Whether you’re consciously religious or emotionally dependent on parents who are, deep down inside you the question lurks: do systematic beliefs have anything to do with reality?
Some may protest the question, saying that the Bible wouldn’t have lasted so long or be so popular if it weren’t true. Yet in certain times Gnosticism has been quite popular, and The Da Vinci Code and The Matrix are just the latest examples of how that popularity isn’t going anywhere.
Here are several reasons why it seems like systematic beliefs don’t have much to do with reality. They are as follows:
- If by reality you mean “physical reality”, faith usually deals primarily with non-physical reality.

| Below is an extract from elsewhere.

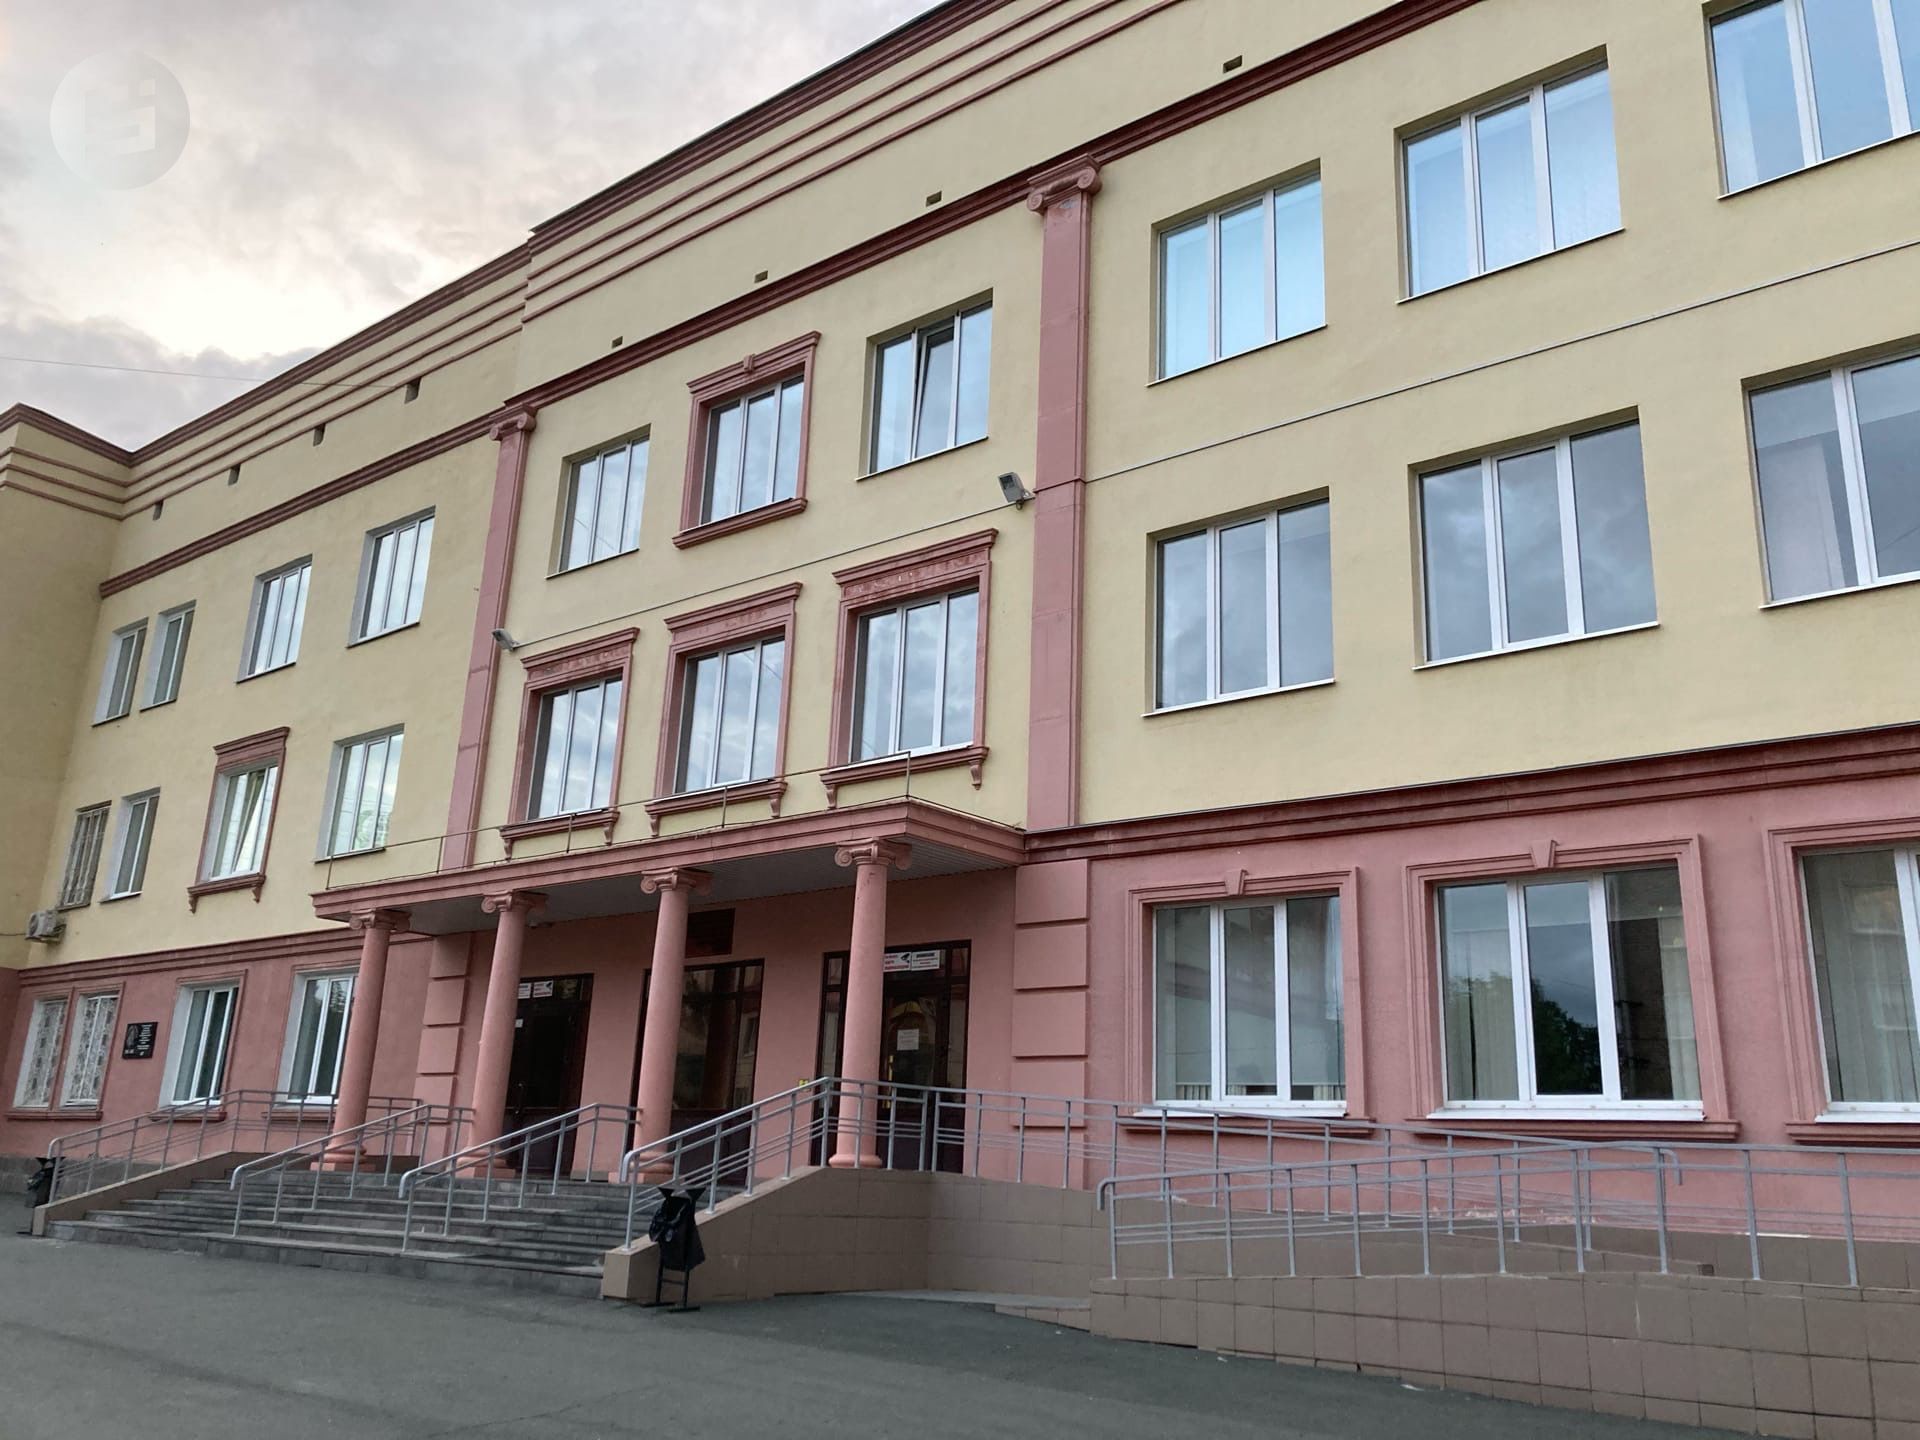 

В Удмуртии усилят меры безопасности в школах после стрельбы в Казани

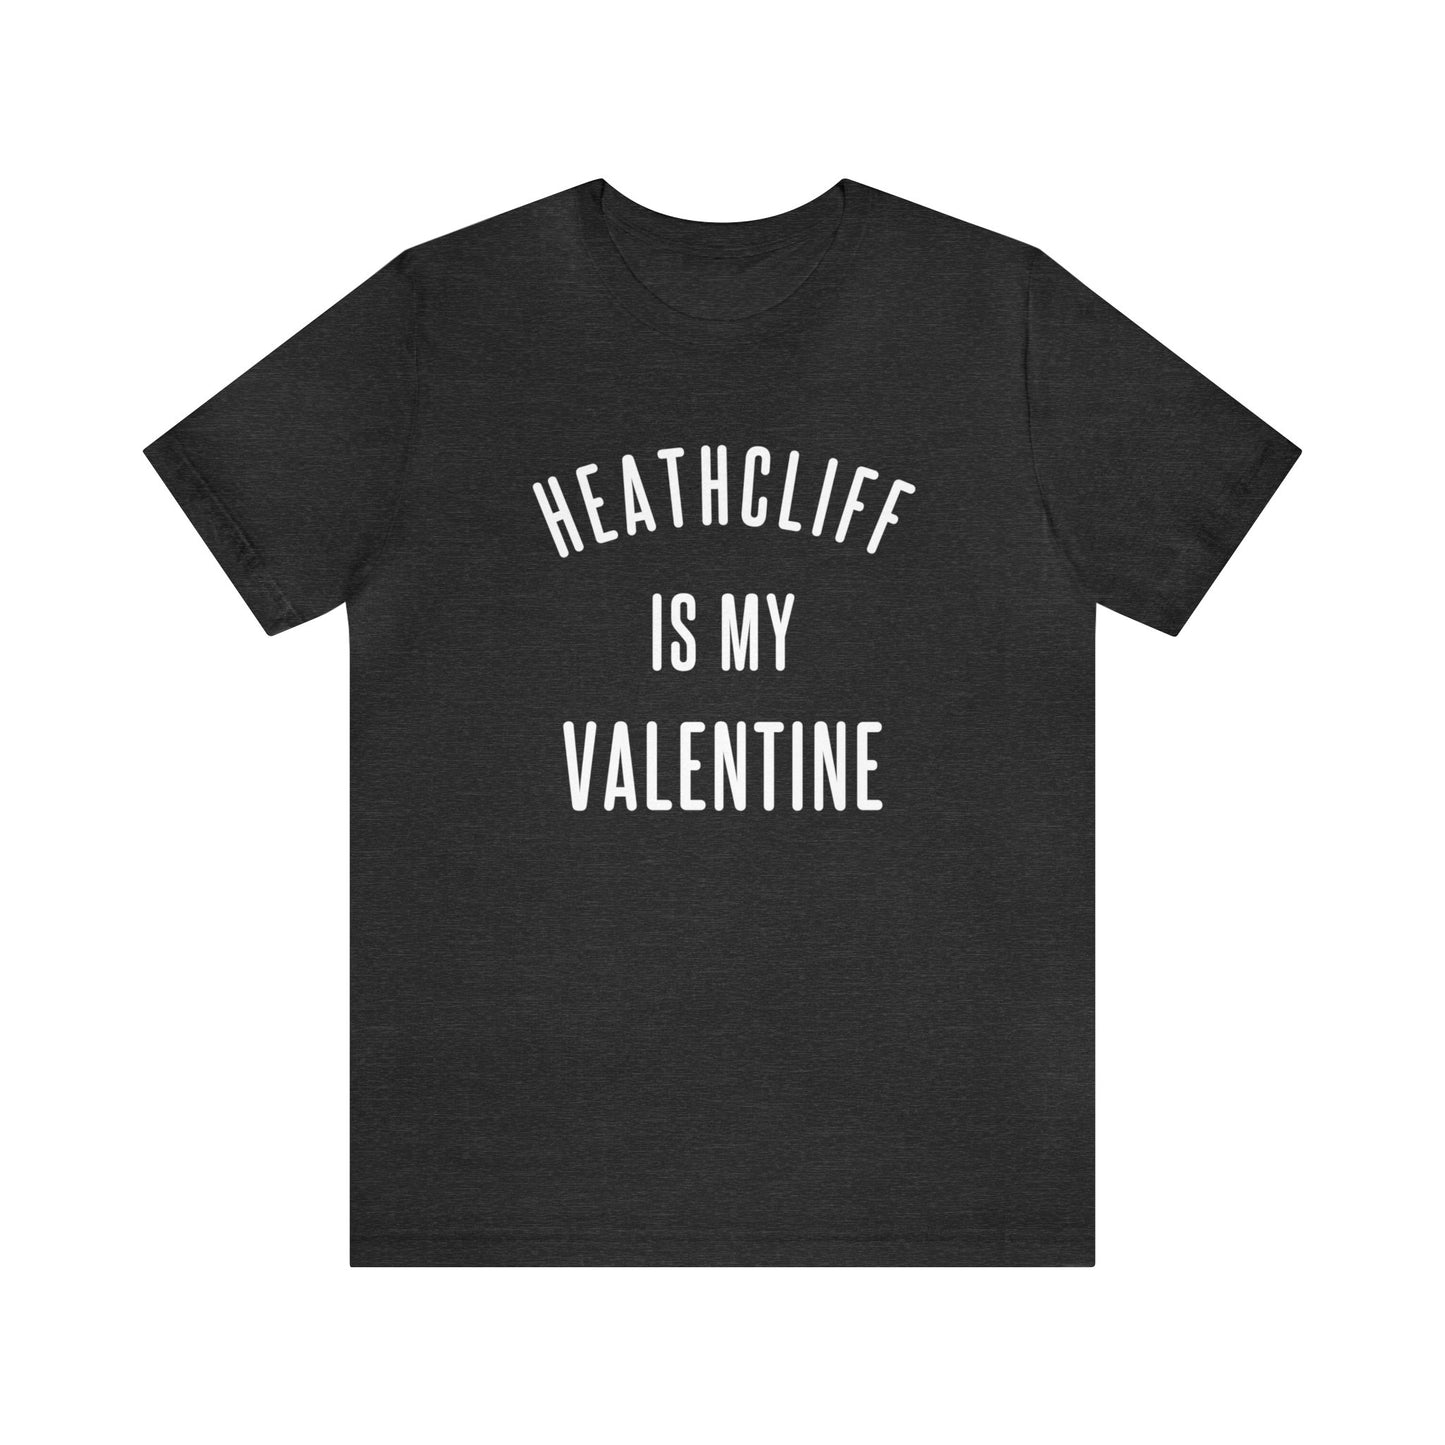 Heathcliff is my Valentine Short Sleeve Tee

- Particularly recently there is a false belief that the Constitution of the United States of America says something about a “separation of church and state”. Trickling down from this belief, and equally false, is the notion of a “separation of mind and senses”. Obviously a mind that mistrusts its senses (or rather dislikes what she thinks they’re telling her) seeks faith.
- Worship is essentially submission and self-sacrifice. Most religious and biblical people would say that the endpoint of the faith they teach is worship. Faith is to the mind what worship is to the body, namely an at least symbolic dying. (Even if you don’t bow or kneel, baptism itself clearly symbolizes drowning.)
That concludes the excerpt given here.